По носу критикам, доносящим на меня за «мистику»; и в эпоху записания «Дневников», и гораздо ранее, будучи шестиклассником, будущий Белый весьма старательно упражнялся в «как будто» в стиле собственных макетов собственной студии символизирования, источник которой — игра, а не вера: то, что Шкловский называет принципом «остраннения»; и Брюсов понял с первого мига встречи, что постановка «Атмосфер» великолепно уживается в Белом с критицизмом, Кантом и интересом к «Основам химии» Менделеева; тринадцатью страницами ранее тот же Брюсов записывает: «Был у меня Бугаев, читал свои стихи, говорил о химии»; пропускаю слишком лестную для себя фразу; и — дальше: «Зрелость… ума при странной молодости» («Дневники», стр. 121) 114.
Брюсов с первого мига понял, что мои символизационные упражнения, захватывающие не только «словесную фразу», но и «переживание» (индивидуальное и социальное) отстоят за тридевять земель от вер в мистическую «кошку серую», которыми порой так страдал в юном возрасте Александр Блок, бессознательно провоцируя меня к философским вопросам ему (в письмах), шуткам с выдуманным нами «Лапаном»115, постановочным макетом «остраннения» быта, чтобы выведать, в чем же корень его «Прекрасной дамы»; главное: право устраивать студию нового быта Белым оформлено отделом «Арабесок» под заглавием «Творчество жизни»116, то есть претворения переживаний, подчиненных стилю; как тщились создать стиль мебели, так юный Белый тщился в великой предерзости своей создать новые атмосферы переживаний под флагом «игр»117, — то самое, что Валерий Брюсов выметил в своих юных строчках:
Я сделал снег из лепестков118.
Но эти мои стилизационные игры идут из моей детской игры, «своей» игры, корень которой — в перелаживании предметов быта в знаки чего-то иного, еще искомого; из этой «игры» и выветвлялись все иные игры: и в «костюмы», и вот во что: прочитав «Эстетику» Шопенгауэра (третья часть «Мир, как воля и представление»), я пленился идеей Шопенгауэра о непосредственной возможности «увидеть идею»; и я каждый день останавливался на прогулке перед, например, домом: и зрительно учился увидеть стилистическое целое его формы (безотносительно к улице, нелепым вывескам), как нечто основное; я считал, что вижу «идею» дома, когда это удавалось; позднее с юным С. М. Соловьевым садились мы на бульваре, и я, наблюдая прохожих, силился увидеть «идею», то есть нечто типичное, чтобы мгновенно сымпровизировать фамилию, выражающую сущность прохожего; я восклицал:
— Вот идет Соня Алова с мисс Мак! Проходила девочка с гувернанткой. Раз я воскликнул:
— Фетюков!
И услышал в ответ:
— Здравствуйте!
«Фетюков» оказался знакомым С**; я так увлекся его типом («идеей»), что не узнал в нем знакомого.

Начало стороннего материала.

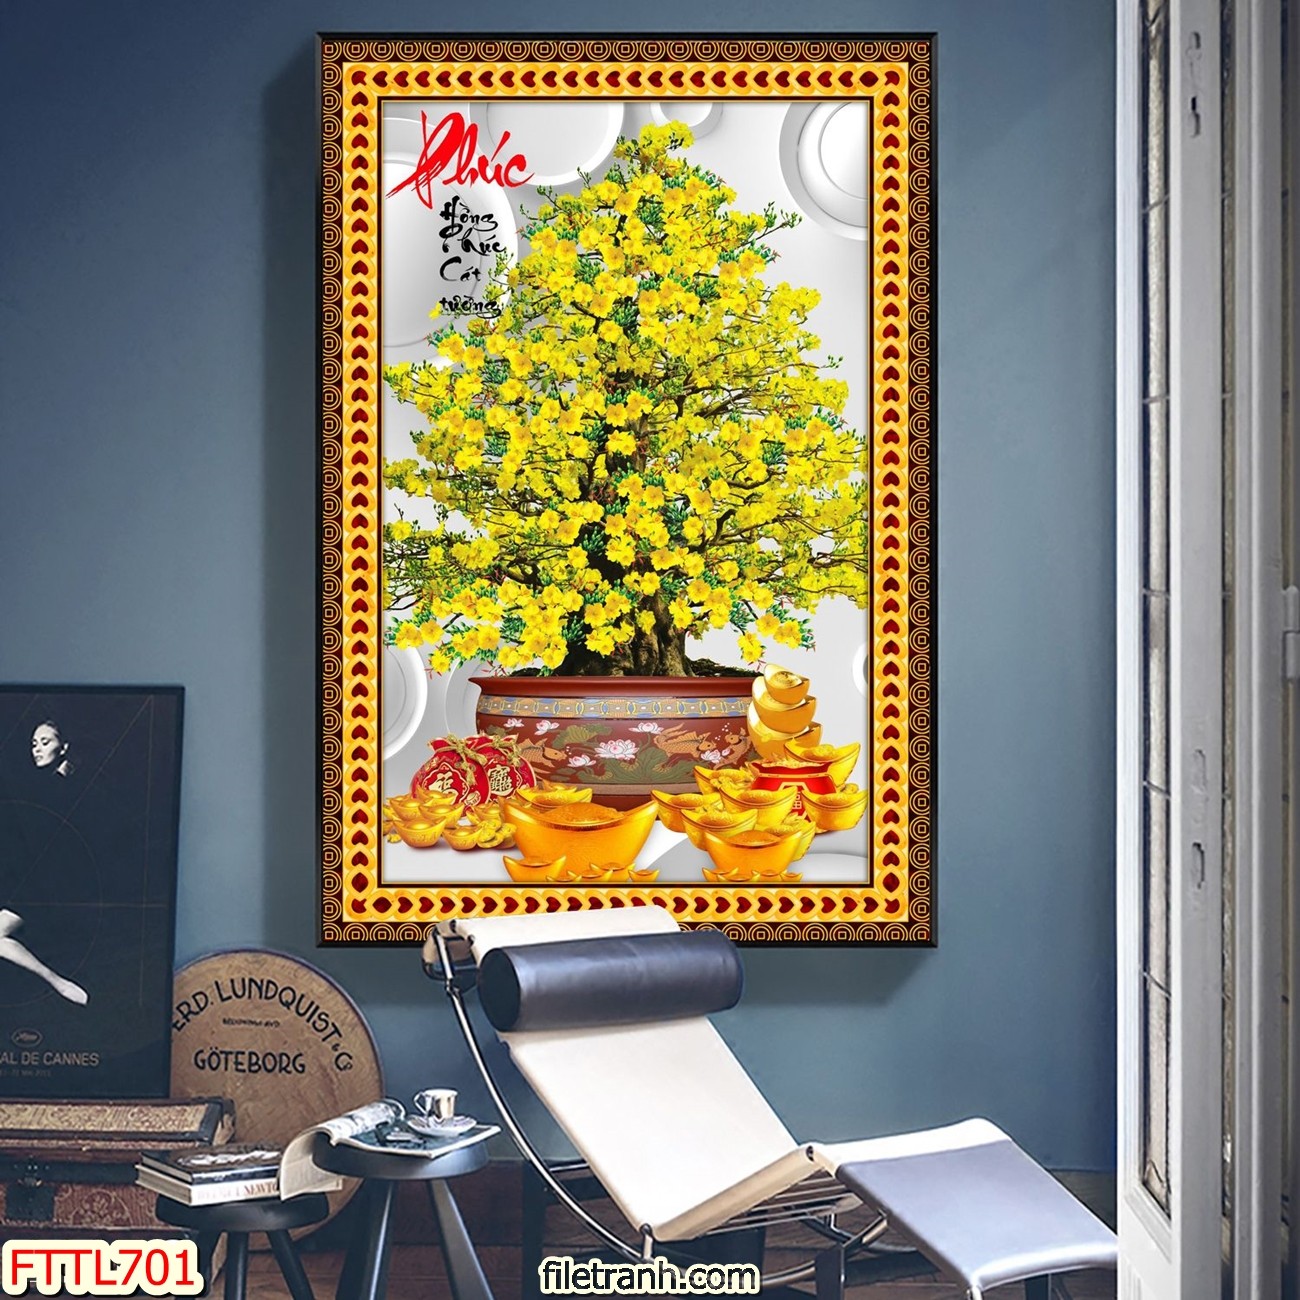 https://filetranh.com/file-tranh-chau-mai-bonsai/file-tranh-chau-mai-bonsai-fttl701.html
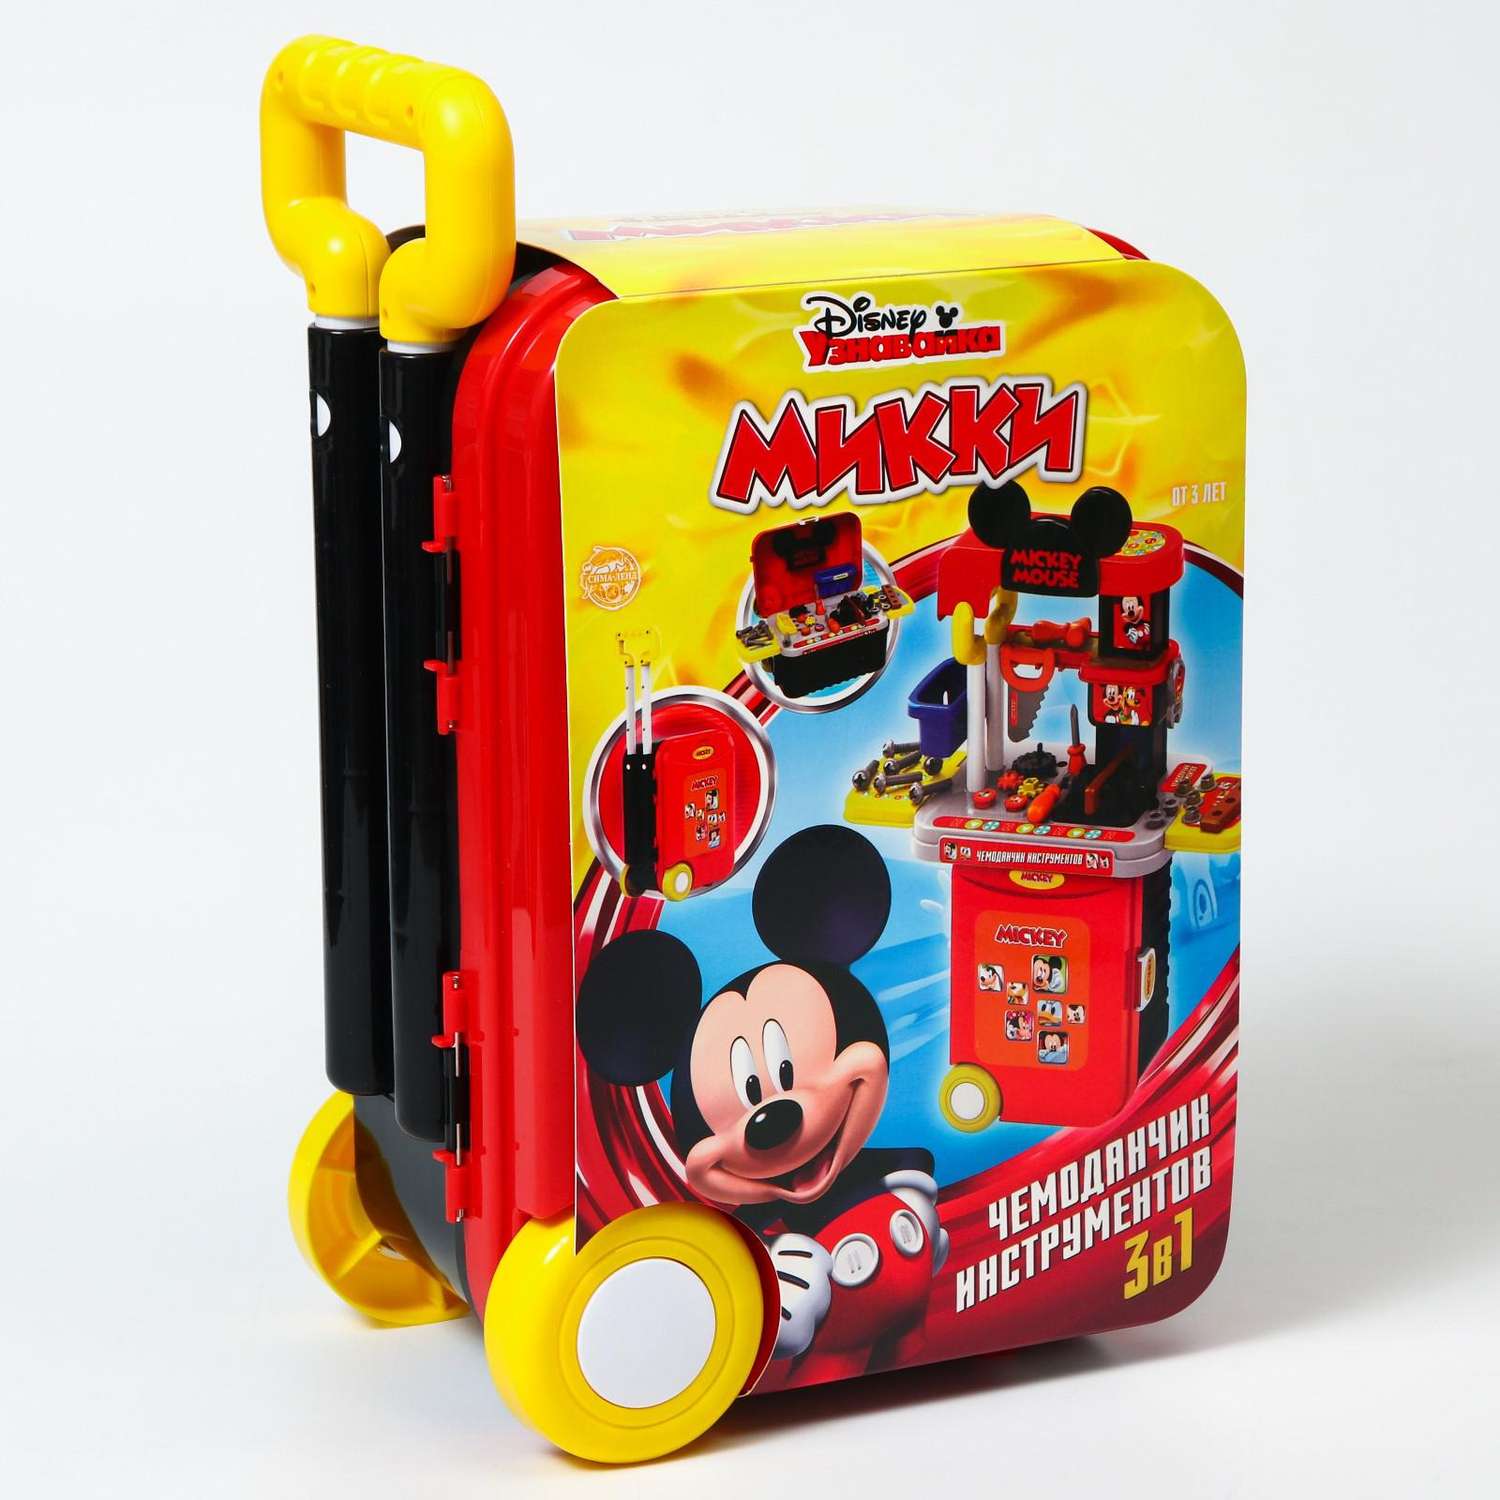 Игровой набор Disney с инструментами Микки Маус 5486327 - фото 1

Что это — «мистика» или студия наблюдений?
Свои разглядения я называл созерцанием «идеи»; в этой ошибке в выборе слова я повторял лишь почтенное заблуждение Гете, уже взрослого, спорящего с Шиллером о том, что идею «перворастения» можно узреть119.
Я, не посвященный в этот спор, не подозревающий еще о нем, собственно, поднимал вопрос Гете: что есть идея в явлении?
Под флагом «созерцания идей» я развил глаз: к усвоению не только стилей, но и природных явлений; я уже часами разглядывал оттенки зорь, месяца, цветов, лиц, человеческих жестов; все изученное мной, натурально, легло далее в основу чисто писательской привычки к наблюдательности, корень которой — в тех упражнениях, которые я развивал то в акте созерцания, то в акте постановочного макета, который шутя называл я «странных дел» мастерством (даже термин Шкловского был мною подобран)120.
Читайте и поучайтесь, критики символистов: читайте и будьте грамотнее; читайте великого поэта-натуралиста Гете, которого вы не знаете; если бы знали, стыдно бы было вам видеть мистику там, где действует углубленный натуралист, упражняющий глаз.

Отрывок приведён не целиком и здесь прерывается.